3. Positive Testing Experience

Students in the same year of school are at very different points in learning. There may be students who know even more than the answers to the questions, but traditional testing does not allow them to showcase such knowledge. On the other hand, there may be students who answered some questions wrong but could demonstrate what they know with slightly easier questions if given a chance. Adaptive tests tailor questions to each student’s knowledge and abilities, so they don’t need to struggle with questions that are too hard or waste time on questions that are too easy. Students at all levels will be encouraged to try harder if they have a better test-taking experience if the test is challenging but not overwhelming.


4. Test Security

Test security is vastly improved because no two students receive the same test. Adaptive assessments pull questions from a large test bank consisting of hundreds of questions. For that reason, each student receives a unique combination of questions. This pattern significantly reduces the opportunity to share answers as compared to a typical exam in which students receive the same questions in the same order.


5. Improved Accuracy

Students are graded on a scale that accounts for the difficulty of questions answered, as each student is asked a different set of questions. In traditional testing, regardless of the question’s complexity, everyone gets a point for a correct answer. However, adaptive assessments give more weight to harder questions than easier questions. This way of scoring provides instructors with a more accrual picture of a student’s ability level.

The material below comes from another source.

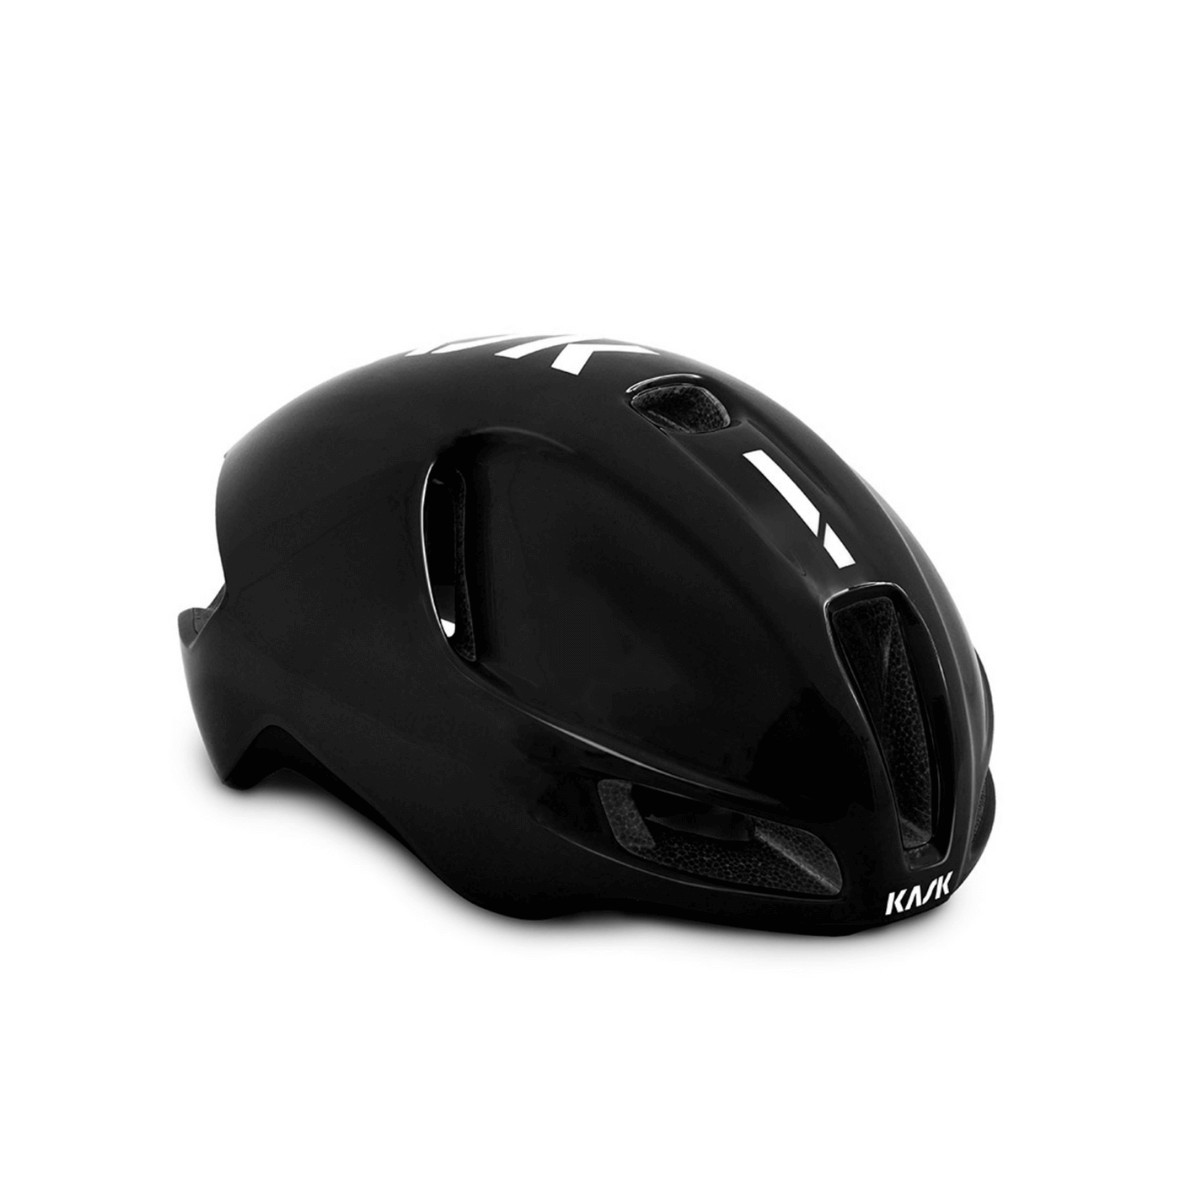 Kask Utopia Helmet Black White, Size M: 52-58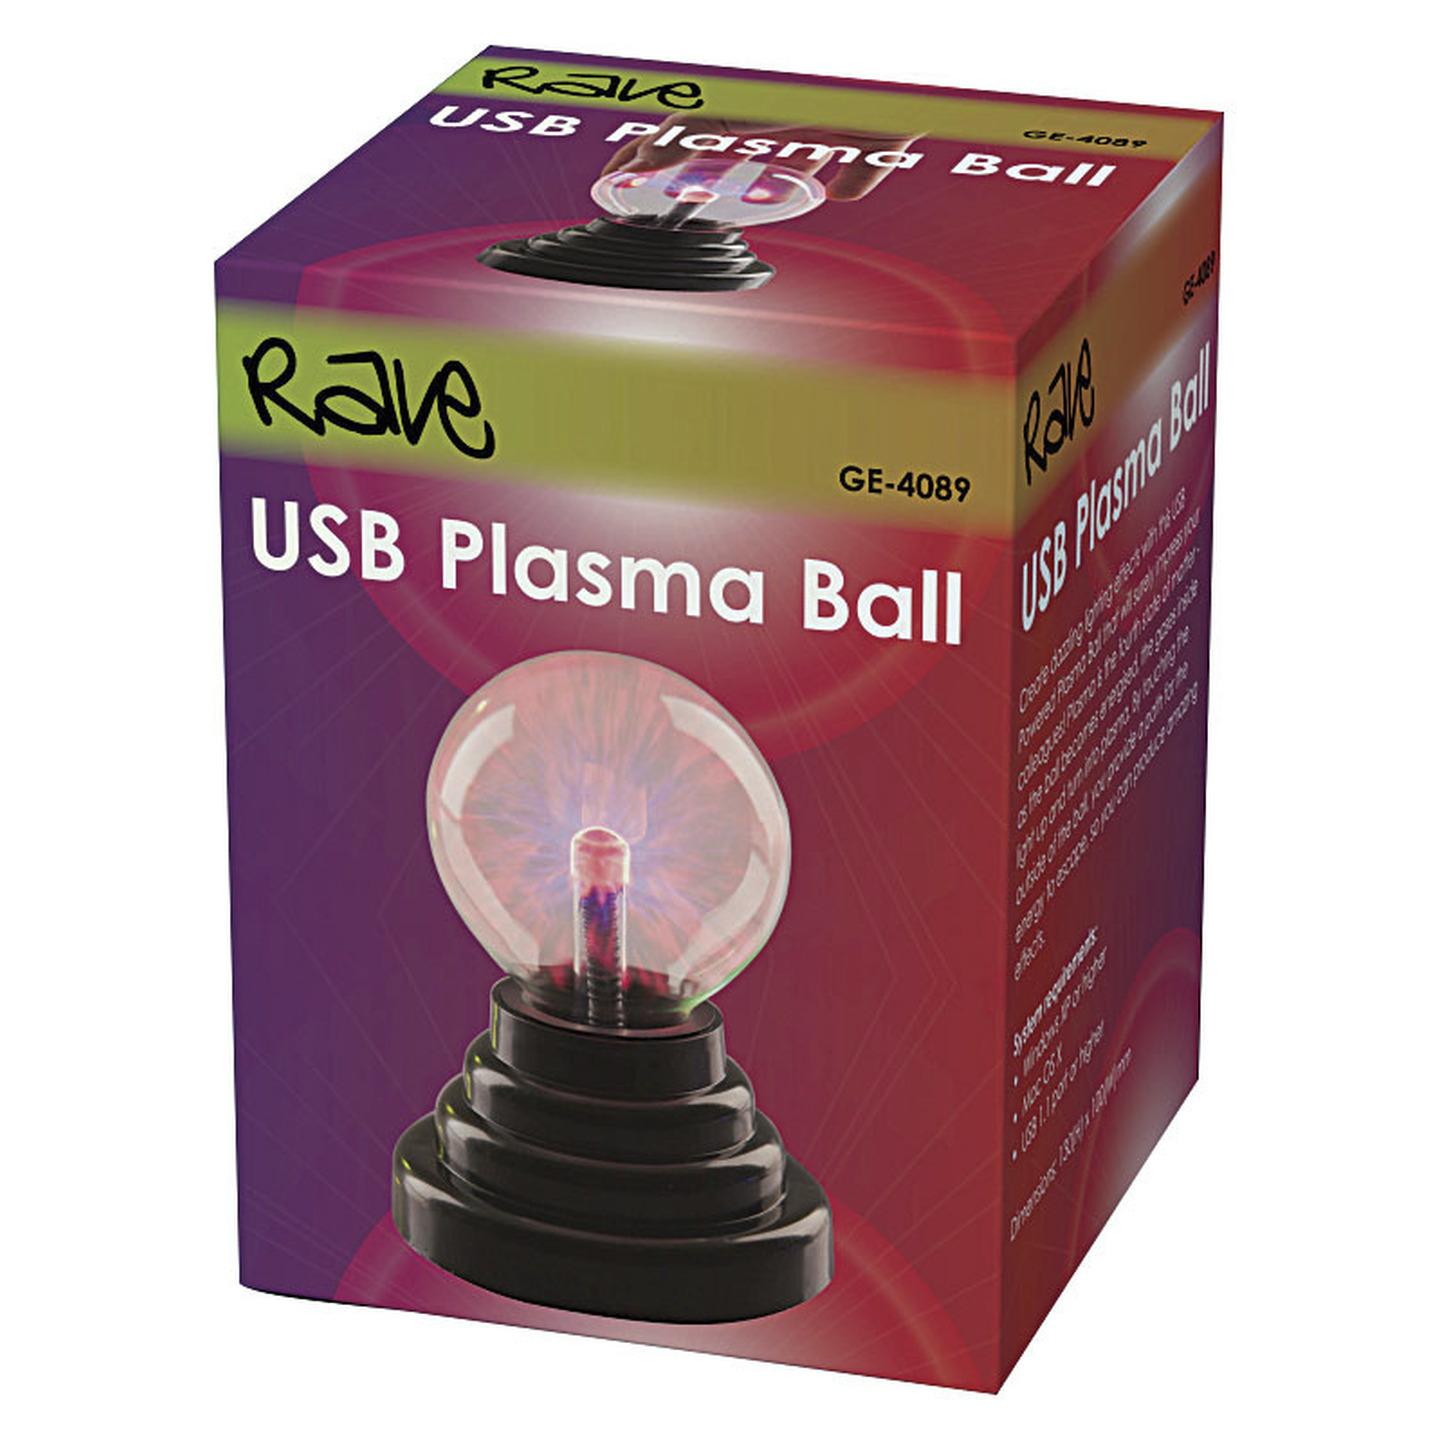 USB Powered Plasma Ball

Now more than ever, it is crucial for schools to meet every student’s learning needs, especially since school closures during COVID-19 contributed to a widening achievement gap. For students, adaptive assessments provide questions that are appropriate for their abilities, resulting in a positive testing experience and tailored instruction needed to improve learning based on results. For teachers, adaptive tests give the information needed to effectively and efficiently personalize teaching. Many vendors offer adaptive learning and assessment technologies to schools; however, it’s important to make sure that the technology contributes to the overall goal of impacting student achievement at every level. Adaptive assessments can be an invaluable tool in the classroom and will no doubt drive the future of learning.